Scatter plots of predicted and measured runoff discharges for the model calibration/training. a HEC-HMS model, b HEC-HMS–GANN model, and c HEC-HMS–ANFIS model

Fig. 13
figure 13

Scatter plots of predicted and measured runoff discharges for the model validation. a HEC-HMS model, b HEC-HMS–GANN model, and c HEC-HMS–ANFIS model

Fig. 14
figure 14

Scatter plots of predicted and measured runoff discharges for the validation of HEC-HMS–GANN model. a 2-h-, b 4-h-, and c 6-h-ahead predictions

Fig. 15
figure 15

Scatter plots of predicted and measured runoff discharges for the validation of HEC-HMS–ANFIS model. a 2-h-, b 4-h-, and c 6-h-ahead predictions

5 Conclusions

Three modeling approaches (i.e., the HEC-HMS model, the HEC-HMS–GANN hybrid model, and the HEC-HMS–ANFIS hybrid model) were used to predict runoff discharges in the Laonong Creek basin in southern Taiwan. Four heavy rainfall events were used for model calibration (training), and three typhoon events were used for model validation.
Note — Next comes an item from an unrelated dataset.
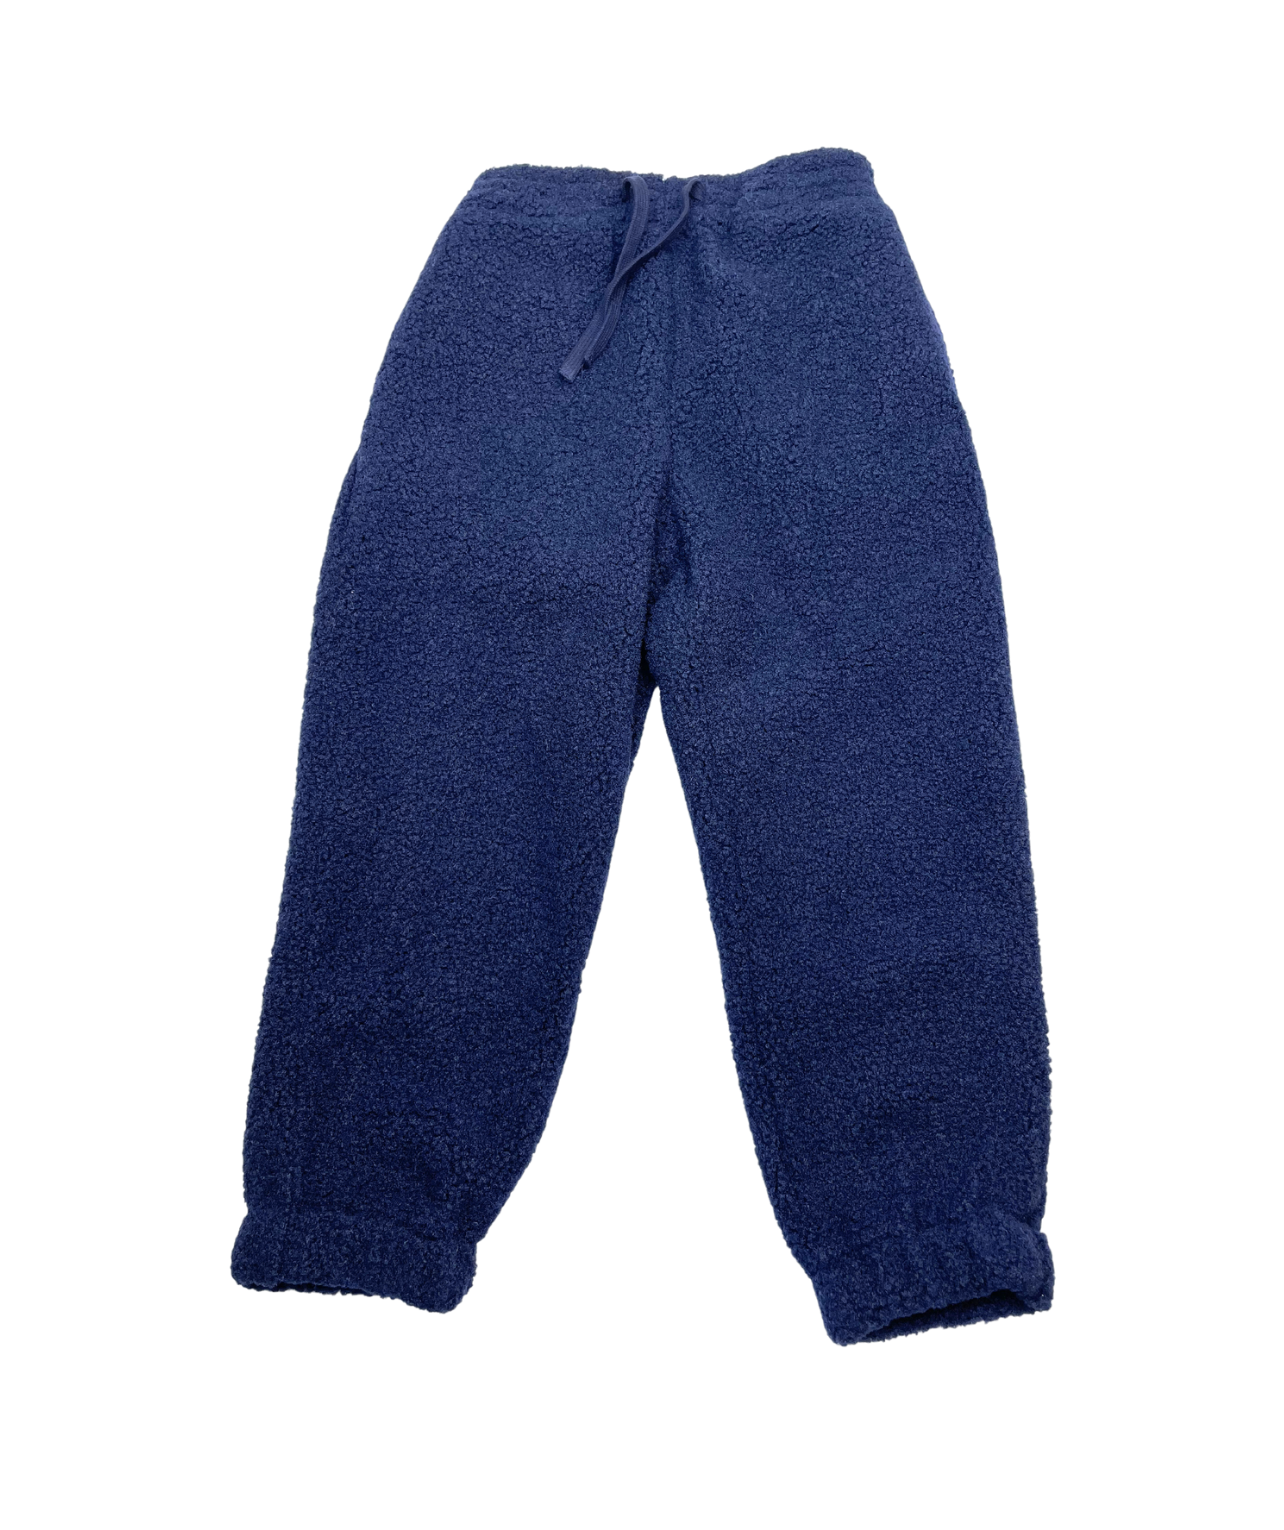 FINGER IN THE NOSE - Pantalon moumoute bleu - 8/9 ans

The relative performance of these models was comprehensively evaluated using various statistical indices (i.e., MAE, RMSE, R, ETp, EQp, and CE).

The calibrated and validated results indicated that the HEC-HMS model cannot satisfactorily predict runoff discharges during typhoon events. Two novel alternative approaches combining the physically based model (i.e., HEC-HMS) and the black-box models (i.e., GANN and ANFIS) were proposed to predict the runoff discharge with improved accuracy. The results indicated that the 1-h-ahead prediction obtained by the HEC-HMS–GANN and HEC-HMS–ANFIS hybrid models was better than that from HEC-HMS model. It demonstrates that the combination of physically based and black-box models can yield the excellent prediction results of runoff discharge during the typhoon events. When the forecasting lead time increases, the performance of the HEC-HMS–GANN and HEC-HMS–ANFIS models gets worse. We also found that the HEC-HMS–GANN and HEC-HMS–ANFIS models show quite similar performance in n-h-ahead predictions of runoff discharge according to statistical indices RMSE and R values. In terms of the EQp value, the performance of the HEC-HMS–GANN model is generally better than that of the HEC-HMS–ANFIS model.